My pick of the month: Pilates
Pilates has changed my life both physically and mentally this month, and I am so thankful for the mindset it has given me this month. My favorite instructor always dedicates her last few minutes of class to practice gratitude. Here’s a little note I wrote right after one of her classes I thought I’d share with you all:
3.26 This morning I am grateful for:
- Life and what it has to offer, not all the big things but the simple day to day things like seeing the sun come up, hearing the birds chirping, the dad and son happy at the bakery - after i finished my class
- my body (I don’t love it’s size tbH lol don’t @ me) But I am thankful my body is functioning and allows me to do things and has the stamina for hot Pilates, how sad would it be to want to move but literally can’t
- my job that allows me to have a flexible lifestyle n hours n pays for things like pilates n brekkie sando
- My instructor always bringing in sunshine and making time for gratitude at the end of class
- My car that allows me to go to class at 6am bc no way am I walking 25 min at 5:30am in the crackhead hours n dark. I am also thankful for the random stranger in class who told me where to park and where to not park.

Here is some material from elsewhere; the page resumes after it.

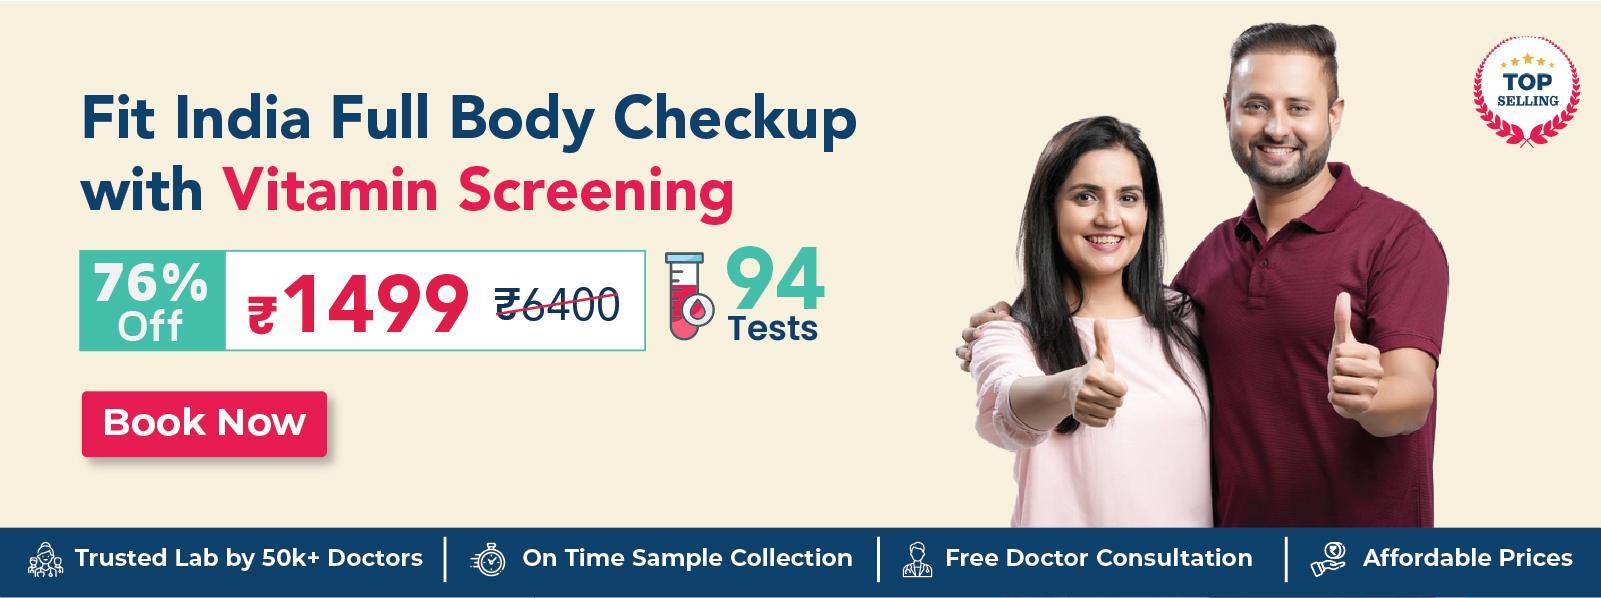 Fit India Full Body checkup with Vitamin Screening in Aligarh
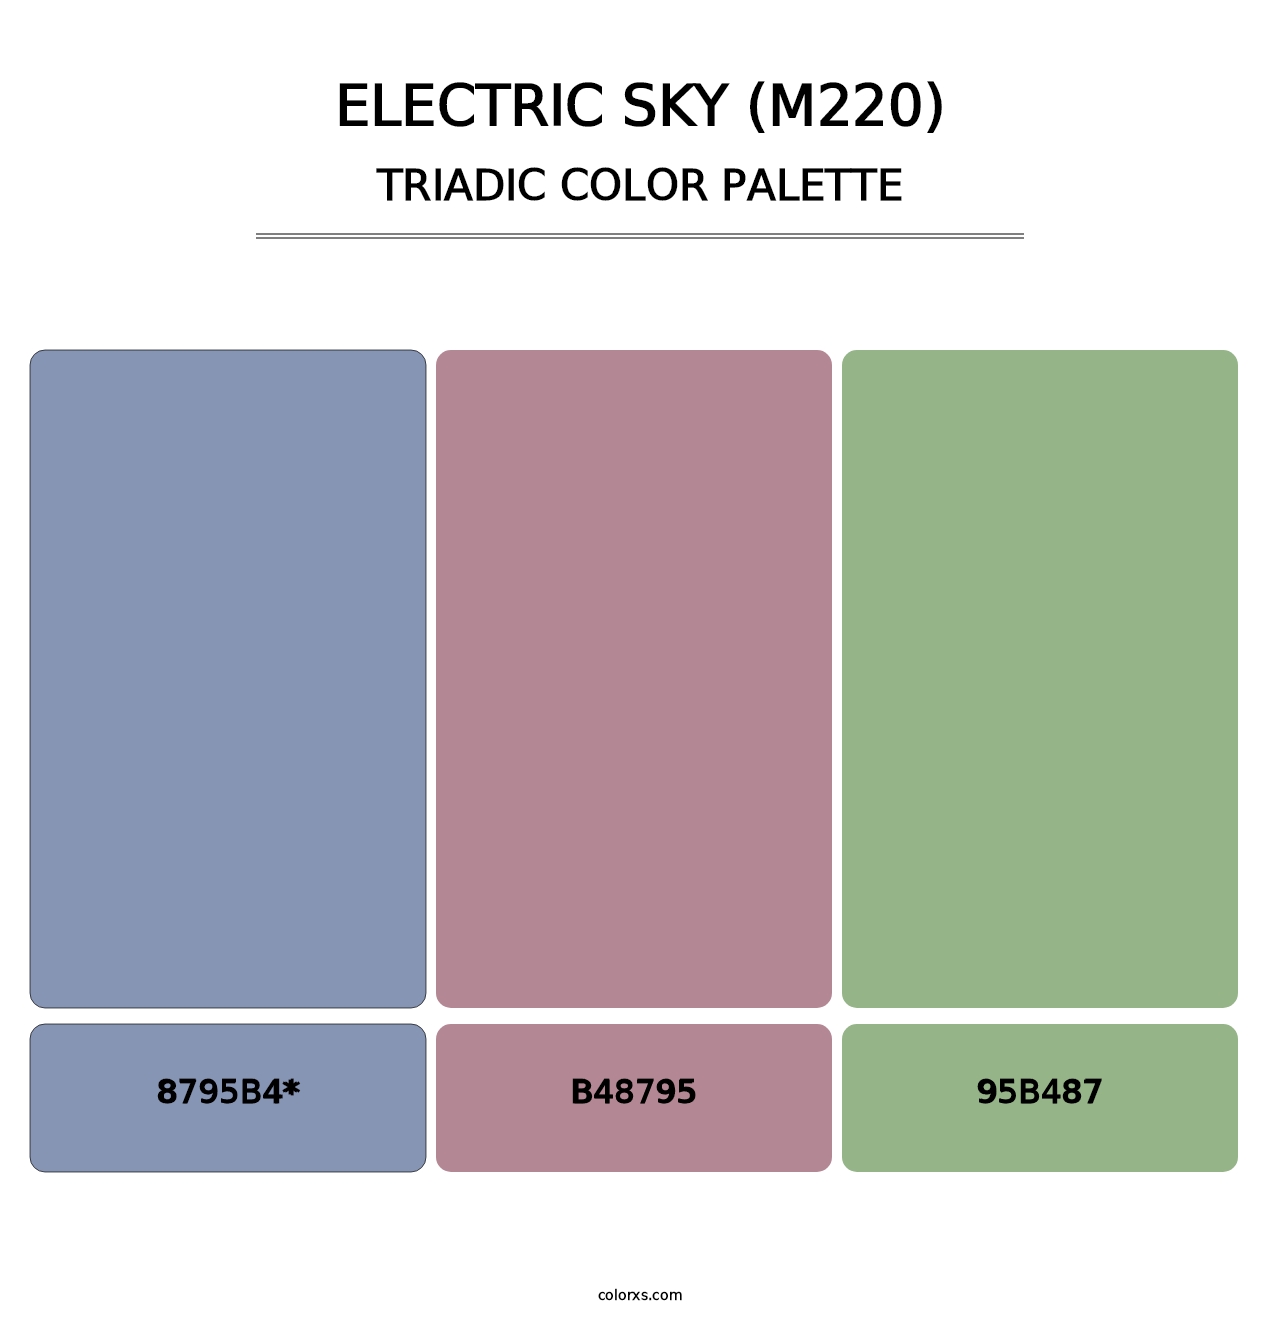 Electric Sky (M220) - Triadic Color Palette

- friends, family, community: I am who I am bc of the people in my life who makes life positive :D
I know I’ve been echoing pilates way too much this month lol but truly its been more than a workout for me. Going into my first class alone despite not having a good first impression from a prev pilates class taught me the power of continuing to be open minded to things because you really never know how it’ll turn out. (In my case, it was the extreme and completely converted me to hot pilates lol). Jokes aside, I remember everyone in disbelief that they’d never want to wake up at 5am and was like wtf to me lol but after one 6am class, came another, and before I knew it - I’d fallen in love with early early mornings but also the mindset that we truly can make a routine or habit out of anything despite how initially tiresome it may be. And lastly these workouts continue to remind me how thankful I am to be healthy to be able to do these workouts, let’s not take our bodies for granted, and to continue giving it love by building positive practices and days. I hope in return, I can also spread kindness and light to others along the way.
There’s so much in stored this month and I can’t wait for April to unravel, I hope you all will have a wonderful month too!